## Task instructions:
Provide an exact copy of the lines from the beginning of the records through the line that includes "1000 مليون دينار", and of no others.

Stored dataset items
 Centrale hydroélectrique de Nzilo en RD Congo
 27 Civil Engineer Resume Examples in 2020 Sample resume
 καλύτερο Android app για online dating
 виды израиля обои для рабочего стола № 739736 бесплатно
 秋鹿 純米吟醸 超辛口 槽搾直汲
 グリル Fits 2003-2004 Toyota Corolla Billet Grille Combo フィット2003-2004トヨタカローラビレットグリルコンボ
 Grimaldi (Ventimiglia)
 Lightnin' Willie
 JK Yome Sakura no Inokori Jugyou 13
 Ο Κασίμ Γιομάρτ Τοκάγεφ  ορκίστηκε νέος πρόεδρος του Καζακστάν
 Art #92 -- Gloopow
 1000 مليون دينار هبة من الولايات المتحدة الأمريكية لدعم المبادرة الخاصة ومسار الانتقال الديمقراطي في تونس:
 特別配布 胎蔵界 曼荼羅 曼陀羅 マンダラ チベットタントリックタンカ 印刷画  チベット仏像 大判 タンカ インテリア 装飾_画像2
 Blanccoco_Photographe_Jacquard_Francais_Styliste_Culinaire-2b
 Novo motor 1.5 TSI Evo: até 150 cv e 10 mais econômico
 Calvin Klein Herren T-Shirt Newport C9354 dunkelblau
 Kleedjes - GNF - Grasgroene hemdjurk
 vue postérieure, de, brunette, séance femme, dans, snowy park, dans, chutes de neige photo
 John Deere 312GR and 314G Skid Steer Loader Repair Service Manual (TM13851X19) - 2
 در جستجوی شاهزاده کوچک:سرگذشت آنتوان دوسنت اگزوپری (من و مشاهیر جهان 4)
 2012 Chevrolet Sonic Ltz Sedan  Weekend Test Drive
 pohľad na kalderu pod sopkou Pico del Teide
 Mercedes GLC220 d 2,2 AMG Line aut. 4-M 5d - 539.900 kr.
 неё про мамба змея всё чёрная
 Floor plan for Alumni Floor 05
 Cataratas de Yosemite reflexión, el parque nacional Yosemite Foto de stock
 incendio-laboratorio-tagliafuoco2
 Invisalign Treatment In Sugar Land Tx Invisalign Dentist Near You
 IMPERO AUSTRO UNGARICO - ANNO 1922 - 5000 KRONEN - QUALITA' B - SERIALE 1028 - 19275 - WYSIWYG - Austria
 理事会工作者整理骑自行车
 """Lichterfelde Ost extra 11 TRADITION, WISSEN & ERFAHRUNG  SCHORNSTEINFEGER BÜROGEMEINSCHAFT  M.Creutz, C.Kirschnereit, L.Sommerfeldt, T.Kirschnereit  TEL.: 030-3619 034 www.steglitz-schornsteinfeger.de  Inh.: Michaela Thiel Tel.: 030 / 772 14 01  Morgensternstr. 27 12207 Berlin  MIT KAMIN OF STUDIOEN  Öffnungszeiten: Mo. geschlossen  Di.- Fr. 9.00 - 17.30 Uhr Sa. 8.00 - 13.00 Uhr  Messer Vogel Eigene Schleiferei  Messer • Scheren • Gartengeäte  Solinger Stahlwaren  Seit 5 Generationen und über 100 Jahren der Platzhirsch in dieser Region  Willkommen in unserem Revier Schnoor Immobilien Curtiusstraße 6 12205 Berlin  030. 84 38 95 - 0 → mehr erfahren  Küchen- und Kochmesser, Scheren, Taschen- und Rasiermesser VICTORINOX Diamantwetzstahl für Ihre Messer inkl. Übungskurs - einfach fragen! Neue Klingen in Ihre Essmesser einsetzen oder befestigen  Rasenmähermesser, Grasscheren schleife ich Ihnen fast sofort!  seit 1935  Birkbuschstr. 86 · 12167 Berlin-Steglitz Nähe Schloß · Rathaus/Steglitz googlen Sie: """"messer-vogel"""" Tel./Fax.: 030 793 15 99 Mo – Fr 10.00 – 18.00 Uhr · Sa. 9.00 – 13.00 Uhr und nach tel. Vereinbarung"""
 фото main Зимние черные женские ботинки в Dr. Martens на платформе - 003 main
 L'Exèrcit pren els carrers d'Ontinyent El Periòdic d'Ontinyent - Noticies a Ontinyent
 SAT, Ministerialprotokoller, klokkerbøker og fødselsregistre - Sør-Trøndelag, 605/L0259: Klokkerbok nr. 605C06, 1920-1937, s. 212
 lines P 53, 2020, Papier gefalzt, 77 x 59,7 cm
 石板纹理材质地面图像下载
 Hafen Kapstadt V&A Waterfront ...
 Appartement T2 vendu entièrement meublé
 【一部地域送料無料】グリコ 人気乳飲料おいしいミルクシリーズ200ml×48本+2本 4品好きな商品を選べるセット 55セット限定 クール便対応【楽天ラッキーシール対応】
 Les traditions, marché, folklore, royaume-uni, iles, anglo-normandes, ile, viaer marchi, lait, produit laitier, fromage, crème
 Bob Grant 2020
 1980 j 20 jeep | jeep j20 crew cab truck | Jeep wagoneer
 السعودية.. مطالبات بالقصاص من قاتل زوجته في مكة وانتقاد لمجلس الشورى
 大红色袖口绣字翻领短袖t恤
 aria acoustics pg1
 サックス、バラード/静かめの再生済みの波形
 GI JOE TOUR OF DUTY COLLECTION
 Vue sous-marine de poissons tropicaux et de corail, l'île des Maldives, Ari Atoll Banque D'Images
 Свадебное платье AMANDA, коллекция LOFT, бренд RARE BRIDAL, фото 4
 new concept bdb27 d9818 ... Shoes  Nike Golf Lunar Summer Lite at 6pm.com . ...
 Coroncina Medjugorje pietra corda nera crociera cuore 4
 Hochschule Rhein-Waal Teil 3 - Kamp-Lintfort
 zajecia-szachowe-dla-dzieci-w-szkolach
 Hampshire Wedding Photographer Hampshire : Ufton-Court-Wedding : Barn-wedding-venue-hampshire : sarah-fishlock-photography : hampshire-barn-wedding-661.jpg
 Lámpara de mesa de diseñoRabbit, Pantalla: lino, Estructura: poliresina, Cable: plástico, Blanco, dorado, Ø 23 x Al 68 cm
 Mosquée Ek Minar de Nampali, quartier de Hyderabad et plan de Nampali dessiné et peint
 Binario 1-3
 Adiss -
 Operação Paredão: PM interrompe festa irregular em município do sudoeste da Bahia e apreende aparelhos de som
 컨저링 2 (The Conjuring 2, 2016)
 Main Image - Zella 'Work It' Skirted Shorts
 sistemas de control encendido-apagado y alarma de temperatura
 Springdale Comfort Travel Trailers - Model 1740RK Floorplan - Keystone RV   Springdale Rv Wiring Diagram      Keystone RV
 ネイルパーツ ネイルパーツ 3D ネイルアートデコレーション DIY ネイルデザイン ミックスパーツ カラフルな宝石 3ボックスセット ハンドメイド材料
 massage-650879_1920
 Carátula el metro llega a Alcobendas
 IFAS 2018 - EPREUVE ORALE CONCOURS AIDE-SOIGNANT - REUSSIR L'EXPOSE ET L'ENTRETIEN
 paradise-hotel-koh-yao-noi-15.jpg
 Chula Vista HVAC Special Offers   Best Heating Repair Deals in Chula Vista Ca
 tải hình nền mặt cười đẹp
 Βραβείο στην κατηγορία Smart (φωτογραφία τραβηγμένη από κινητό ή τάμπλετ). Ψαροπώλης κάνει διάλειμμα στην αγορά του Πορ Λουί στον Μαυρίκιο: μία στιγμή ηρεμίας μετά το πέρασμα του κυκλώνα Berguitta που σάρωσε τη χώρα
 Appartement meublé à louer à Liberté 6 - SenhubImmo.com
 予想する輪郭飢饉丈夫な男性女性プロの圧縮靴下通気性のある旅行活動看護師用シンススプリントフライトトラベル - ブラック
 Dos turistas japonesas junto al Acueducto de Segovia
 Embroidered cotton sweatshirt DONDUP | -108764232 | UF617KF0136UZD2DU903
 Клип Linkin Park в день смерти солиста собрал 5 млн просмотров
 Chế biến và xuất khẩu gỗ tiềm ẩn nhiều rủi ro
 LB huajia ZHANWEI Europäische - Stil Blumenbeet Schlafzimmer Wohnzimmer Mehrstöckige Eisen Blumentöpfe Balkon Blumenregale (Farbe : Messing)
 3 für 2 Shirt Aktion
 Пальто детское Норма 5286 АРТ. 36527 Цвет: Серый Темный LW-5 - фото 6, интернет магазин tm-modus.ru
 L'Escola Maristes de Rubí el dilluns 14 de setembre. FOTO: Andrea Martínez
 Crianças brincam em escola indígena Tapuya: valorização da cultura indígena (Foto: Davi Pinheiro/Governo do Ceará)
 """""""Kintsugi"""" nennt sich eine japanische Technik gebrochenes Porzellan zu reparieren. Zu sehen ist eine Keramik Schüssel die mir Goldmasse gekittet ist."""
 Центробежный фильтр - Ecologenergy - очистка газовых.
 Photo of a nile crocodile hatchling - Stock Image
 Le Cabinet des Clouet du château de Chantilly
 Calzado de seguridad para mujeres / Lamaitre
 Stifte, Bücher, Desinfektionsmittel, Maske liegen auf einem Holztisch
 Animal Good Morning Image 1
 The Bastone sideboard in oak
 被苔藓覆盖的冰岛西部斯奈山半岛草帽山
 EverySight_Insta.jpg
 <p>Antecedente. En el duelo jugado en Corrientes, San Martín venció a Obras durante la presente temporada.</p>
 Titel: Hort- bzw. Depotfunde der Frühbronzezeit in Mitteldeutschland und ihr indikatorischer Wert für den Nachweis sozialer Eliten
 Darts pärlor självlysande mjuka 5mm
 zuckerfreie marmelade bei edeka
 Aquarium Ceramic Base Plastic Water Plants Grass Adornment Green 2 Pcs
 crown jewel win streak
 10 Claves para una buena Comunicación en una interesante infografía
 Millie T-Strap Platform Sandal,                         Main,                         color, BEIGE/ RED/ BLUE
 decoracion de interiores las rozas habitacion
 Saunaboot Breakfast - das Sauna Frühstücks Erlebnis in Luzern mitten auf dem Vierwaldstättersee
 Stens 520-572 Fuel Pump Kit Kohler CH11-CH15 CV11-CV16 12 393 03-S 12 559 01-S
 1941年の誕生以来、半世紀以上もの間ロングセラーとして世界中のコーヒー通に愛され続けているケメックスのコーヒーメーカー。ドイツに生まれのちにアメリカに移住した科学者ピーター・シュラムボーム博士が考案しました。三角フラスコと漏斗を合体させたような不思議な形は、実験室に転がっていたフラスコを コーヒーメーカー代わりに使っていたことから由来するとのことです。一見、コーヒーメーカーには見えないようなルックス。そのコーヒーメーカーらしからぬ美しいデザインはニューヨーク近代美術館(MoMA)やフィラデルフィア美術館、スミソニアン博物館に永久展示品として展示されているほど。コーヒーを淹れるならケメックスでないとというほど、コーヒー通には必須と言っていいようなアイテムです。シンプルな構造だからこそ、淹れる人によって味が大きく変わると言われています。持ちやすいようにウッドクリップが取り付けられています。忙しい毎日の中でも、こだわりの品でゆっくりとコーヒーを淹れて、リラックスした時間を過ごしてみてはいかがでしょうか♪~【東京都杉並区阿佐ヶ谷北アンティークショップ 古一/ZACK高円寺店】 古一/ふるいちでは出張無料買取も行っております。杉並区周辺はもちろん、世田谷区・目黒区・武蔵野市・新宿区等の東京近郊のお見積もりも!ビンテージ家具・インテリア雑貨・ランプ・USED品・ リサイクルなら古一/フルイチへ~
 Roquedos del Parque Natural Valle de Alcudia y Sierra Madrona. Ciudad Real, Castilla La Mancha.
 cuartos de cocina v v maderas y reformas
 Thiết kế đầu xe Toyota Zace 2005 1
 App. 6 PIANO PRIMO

## Answer space:
 Centrale hydroélectrique de Nzilo en RD Congo
 27 Civil Engineer Resume Examples in 2020 Sample resume
 καλύτερο Android app για online dating
 виды израиля обои для рабочего стола № 739736 бесплатно
 秋鹿 純米吟醸 超辛口 槽搾直汲
 グリル Fits 2003-2004 Toyota Corolla Billet Grille Combo フィット2003-2004トヨタカローラビレットグリルコンボ
 Grimaldi (Ventimiglia)
 Lightnin' Willie
 JK Yome Sakura no Inokori Jugyou 13
 Ο Κασίμ Γιομάρτ Τοκάγεφ  ορκίστηκε νέος πρόεδρος του Καζακστάν
 Art #92 -- Gloopow
 1000 مليون دينار هبة من الولايات المتحدة الأمريكية لدعم المبادرة الخاصة ومسار الانتقال الديمقراطي في تونس:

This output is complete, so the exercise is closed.